Nurses on Non-COVID Specific Floors: What It's Like

This post was originally created on November 22, 2020.

Healthcare workers all over the United States have felt the effects of COVID-19, regardless of what type of care they are involved in. Read below to see what working in the Neonatal Intensive Care Unit (NICU) has been like during the COVID pandemic.

Pictured above is my beautiful mother, Rachel Turner, at work on 11/15/2020. She is seen here wearing all of her protective gear to combat the spread of COVID-19.

For the past 9 months, COVID-19 has been a major concern for people all over the United States. As shown in the news, the Coronavirus has taken a tough emotional and physical toll on our healthcare workers, since they are putting themselves at risk to give their patients the best possible care. I’ve seen a few stories and news reports come out about nurses on the front lines, which led me to wonder about how COVID has affected nurses that are still working through the pandemic but aren’t in direct contact with COVID patients. I interviewed my mother, Rachel Turner, to see what it is like being a nurse in a non-COVID care unit.



Rachel Turner has been a registered nurse in the Neonatal Intensive Care Unit (NICU) for 26 years. When asked what it is like working in the NICU, she describes it as “Intense. Patients are critically ill and things can change from minute to minute. You are not only involved in the infant’s life but you’re also taking care of a family in crisis”. The NICU is responsible for babies who have life-threatening conditions, making it all the more stressful to work in this field. Rachel explains the best part of her job as “making my patients and families feel comforted; answering questions, making them feel like they matter, and including them in their baby’s care”. Because of the virus, it is extremely hard to conduct Rachel’s favorite part about her job.



Emily Twinch reports out about the mental health of COVID nurses and shares Donna-Marie Thomas’s story. “Donna, a community nurse in Powys, Wales, felt so guilty she couldn’t comfort relatives when she left a patient’s house that she called them straight away to say sorry. She then spoke to a colleague, and her colleague replied in tears: ‘I’ve done the same thing’”. (Nursing in Practice). Because of COVID, there are many precautions set all throughout the hospital that make comforting patients and their families much more difficult, which emotionally affects the nurse as well as the patient and their family. These nurses aren’t used to giving distanced and isolated care. Especially for Rachel’s unit, all of the covid precautions are adding extra stress to a unit that is already intense on its own. Changes to Rachel’s unit include “Having to wear masks 24/7, (n95 masks are worn underneath their regular masks only when dealing with deliveries or if patients are COVID positive), wearing shields or goggles with a mask for the entire shift, having to report daily that we feel okay on an app called ‘Service Now’, and nurses can’t sit near each other in the break room”. Changes for patient protocol include “wearing masks 24/7, only one parent can visit their baby each day, and if a mom is covid positive we take a baby up to the NICU to quarantine for two weeks, no visitors to the baby”.

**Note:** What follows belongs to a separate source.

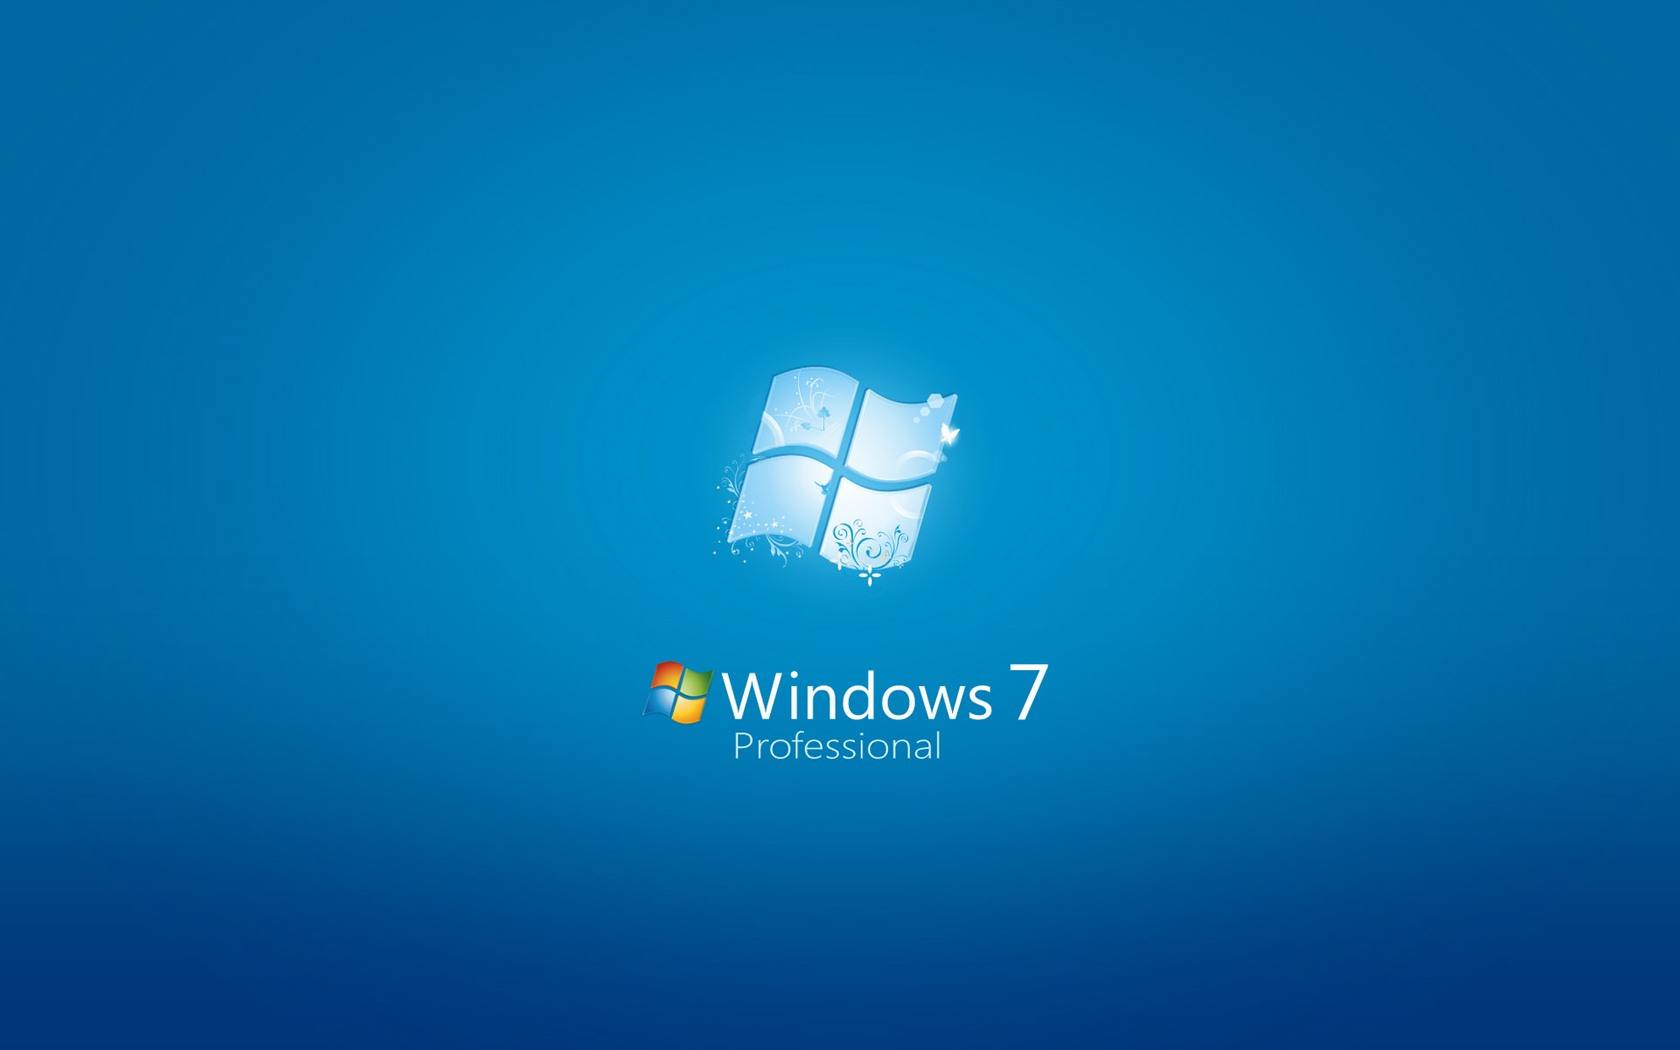 以前版本的windows可以删除吗？

Rachel agrees with the changes. She is “rolling with it- its [her] life story". She was initially paranoid about COVID and nervous about contracting the virus. Though still weary, she is more relaxed than she was when Coronavirus first broke out. “When you have to work in healthcare and have to keep doing your job the way you’ve always done it, it makes you not as afraid. When you are a nurse you have to put yourself out there even if it’s scary”. She agrees that her perspective would be different if she was on a different floor of the hospital. On other floors “Patients could be sicker, I could be more at risk if I were exposed to it, and seeing patients sick by themselves is stressful”.



Working in healthcare is a selfless job. Millions of nurses and other healthcare professionals step out of their homes daily to take care of patients that could be exposing them to a deadly virus. Working in healthcare is even harder to do with all of the new precautions in place. Even with the changes and higher risks, healthcare workers like Rachel wouldn’t give it up for the world. Being able to take care of others and giving many patients a new chance at life is something that all healthcare professionals strive to accomplish whenever they can. When asked what she would like the readers to know, Rachel says “Hug a nurse (once COVID is over), and be thankful for healthcare workers. We leave our own families to take care of yours”. She also added “I wish my daughter would become a nurse", which I told her I would reflect upon and get back to her.



Works Cited:

Twinch, Emily. “The Toll of Covid-19 on Nurses' Mental Health - Nursing in Practice.” Nursing in Practice, 2 Oct. 2020, www.nursinginpractice.com/analysis/toll-nurses-mental-health-of-covid-19/.